Director: Abhijit Chowdhury
Screenplay: Arkadeep Nath
Cast: Jasmine Roy, Satyam Bhattacharya, Dibyasha Das,
Streaming on: Hoichoi
If opening scenes are meant to establish the prime concerns of a story, Shubharambh does so with great integrity. We see a little girl sing Rabindra Sangeet to a boy her age—she will become a composer-singer when she grows up and the scene will define her relationship with the boy. (It's a flashback). In the next scene we see her running late for an appointment with a client, being yelled at by her manager/friend who waits for her in front of the office of a leading jewellery brand—we will see a lot of the jewellery brand, a lot, to the extent that it's even there in the last shot at the end of its sixth and final episode. Self referential filmmaking, or cinema as a sorry excuse for product placement? If you have't figured which, you deserve to sit through it and find out for yourself.
Which isn't to say it is the worst thing about the series (which really is of feature film length, broken into episodes that run slightly longer than a Coke Studio song). Among other things, Subhomita, our protagonist (Roy) is too dolled up all the time to be taken seriously as a composer going through a creative crisis (she's ought to be more messy). She's someone who's both trying to come out of her father's shadow as a musician—he was also her music teacher, who eloped with one of his students, causing a great scandal in the neighbourhood—and overcome the trauma of him abandoning their family. It's too heavy a theme for the show, which it deals with the maturity of, well, a Hoichoi series.
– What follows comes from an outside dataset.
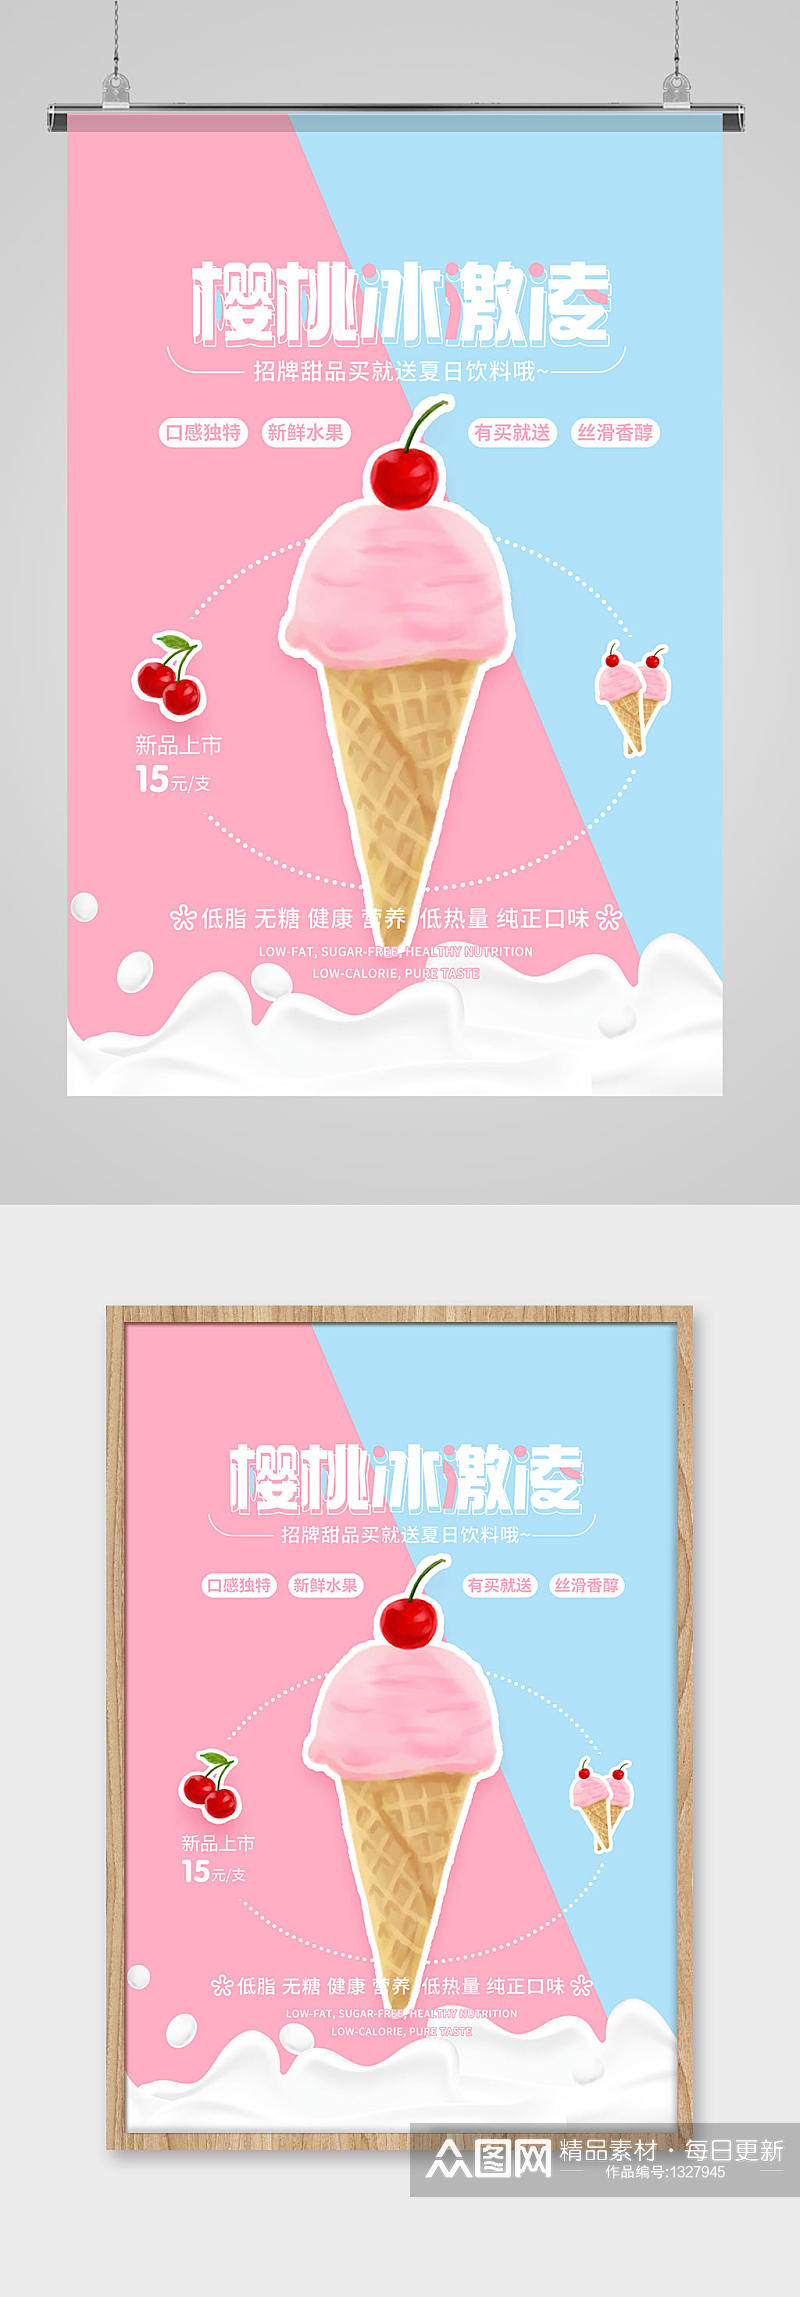 樱桃冰激凌招牌甜品海报素材
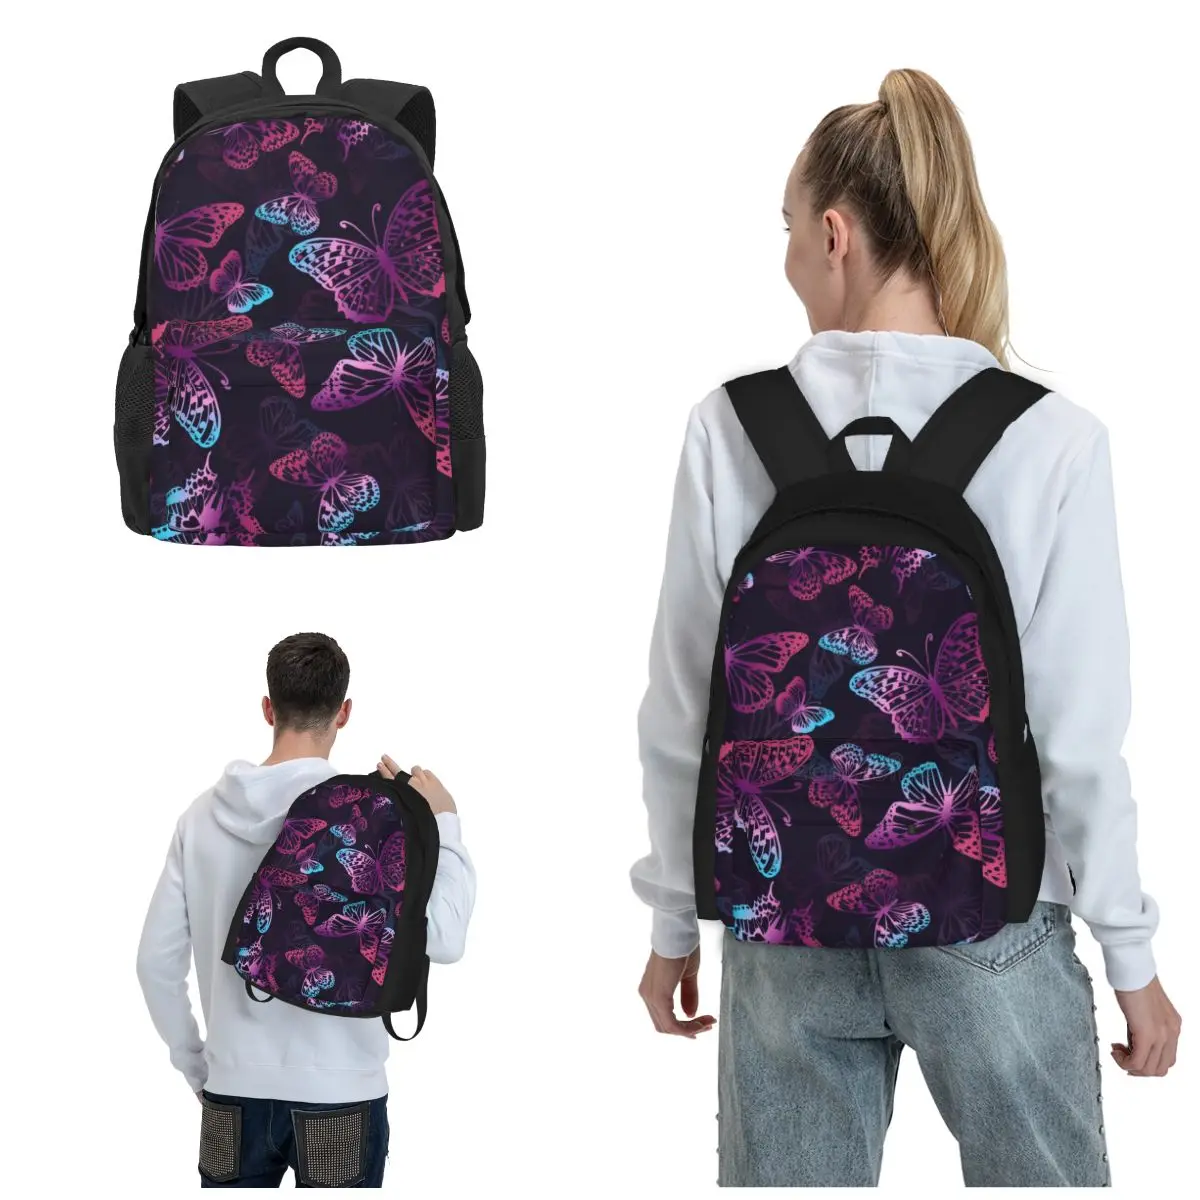 

Неоновые рюкзаки с бабочками для подростков, большая сумка для книг, легкие и легко стильные рюкзаки, отвечающие вашим динамичным образ жизни

There's some good cheer in the form of the actor playing Mainak, her love interest (Satyam Bhattacharya), who shows wry comic timing and manages to give his character some personality. But the character, under the veneer of a decent chap, has incel issues. After inexplicably proposing her with a ring on their second meet after ten years — purchased where from but the same jewellery brand — he goes on to help out her family in a time of crisis. He states that he doesn't expect reciprocation for his feelings towards her in return, but on a drunken night non consensually kisses Subhomita anyway. The problem isn't that he ends up committing an act that breaks her trust—people are more complex than we think and every guy is capable of being a dick. The problem is that the film guilt trips her into loving him back.
It's perhaps unrealistic to expect such nuance from a show that is, at best, pleased to operate on a superficial level without getting into the psychological complexity of the premise. We see nothing of Subhomita's inner music, only surface gimmicks, like the use of street noise for her track. It seems hip, but is just empty posturing.